● **GIVEN INFORMATION**:

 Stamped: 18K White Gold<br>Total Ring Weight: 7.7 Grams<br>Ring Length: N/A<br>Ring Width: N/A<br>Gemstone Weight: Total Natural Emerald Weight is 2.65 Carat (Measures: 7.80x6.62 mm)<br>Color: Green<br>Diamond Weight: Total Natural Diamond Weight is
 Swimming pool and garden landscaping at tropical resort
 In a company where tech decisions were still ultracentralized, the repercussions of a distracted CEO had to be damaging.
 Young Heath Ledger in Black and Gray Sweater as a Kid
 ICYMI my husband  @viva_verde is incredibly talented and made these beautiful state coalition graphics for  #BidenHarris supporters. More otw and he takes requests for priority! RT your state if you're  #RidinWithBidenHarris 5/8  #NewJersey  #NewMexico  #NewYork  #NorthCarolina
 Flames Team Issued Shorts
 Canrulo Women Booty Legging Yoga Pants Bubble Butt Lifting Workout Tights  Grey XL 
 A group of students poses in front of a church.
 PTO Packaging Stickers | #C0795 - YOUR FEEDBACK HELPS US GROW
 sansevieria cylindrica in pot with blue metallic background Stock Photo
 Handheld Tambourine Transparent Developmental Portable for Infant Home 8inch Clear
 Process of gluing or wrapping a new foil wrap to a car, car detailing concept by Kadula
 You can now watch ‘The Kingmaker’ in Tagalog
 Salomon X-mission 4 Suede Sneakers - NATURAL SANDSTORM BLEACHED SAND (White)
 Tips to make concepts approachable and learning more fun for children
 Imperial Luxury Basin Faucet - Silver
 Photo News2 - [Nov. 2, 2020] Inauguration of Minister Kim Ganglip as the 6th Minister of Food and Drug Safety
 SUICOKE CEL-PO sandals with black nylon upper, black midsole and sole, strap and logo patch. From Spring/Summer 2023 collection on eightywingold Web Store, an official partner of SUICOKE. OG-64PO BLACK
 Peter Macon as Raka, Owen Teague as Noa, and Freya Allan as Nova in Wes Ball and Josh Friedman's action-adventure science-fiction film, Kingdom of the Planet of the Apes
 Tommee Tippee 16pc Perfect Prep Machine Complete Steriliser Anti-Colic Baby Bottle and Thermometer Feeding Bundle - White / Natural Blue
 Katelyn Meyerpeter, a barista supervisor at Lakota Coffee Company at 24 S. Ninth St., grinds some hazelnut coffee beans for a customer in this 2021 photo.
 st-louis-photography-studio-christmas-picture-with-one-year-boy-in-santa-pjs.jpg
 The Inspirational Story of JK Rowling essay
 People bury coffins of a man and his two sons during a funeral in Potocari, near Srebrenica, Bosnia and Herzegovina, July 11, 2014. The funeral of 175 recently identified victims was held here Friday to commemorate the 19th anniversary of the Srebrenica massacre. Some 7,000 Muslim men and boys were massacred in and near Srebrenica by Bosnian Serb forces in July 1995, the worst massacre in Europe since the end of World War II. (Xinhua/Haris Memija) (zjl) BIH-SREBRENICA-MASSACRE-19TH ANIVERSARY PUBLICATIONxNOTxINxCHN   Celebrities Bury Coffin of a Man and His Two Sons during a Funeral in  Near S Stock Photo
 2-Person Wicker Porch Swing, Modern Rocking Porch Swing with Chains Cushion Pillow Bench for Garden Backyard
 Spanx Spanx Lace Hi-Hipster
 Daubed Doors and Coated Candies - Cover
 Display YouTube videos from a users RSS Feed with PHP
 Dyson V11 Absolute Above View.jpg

● **THE TASK**: Look through the data above and return exactly the lines from the one that contains "Canrulo Women Booty" to the one that contains "sansevieria cylindrica in", inclusive, with nothing else.

● **YOUR RESPONSE**:
 Canrulo Women Booty Legging Yoga Pants Bubble Butt Lifting Workout Tights  Grey XL 
 A group of students poses in front of a church.
 PTO Packaging Stickers | #C0795 - YOUR FEEDBACK HELPS US GROW
 sansevieria cylindrica in pot with blue metallic background Stock Photo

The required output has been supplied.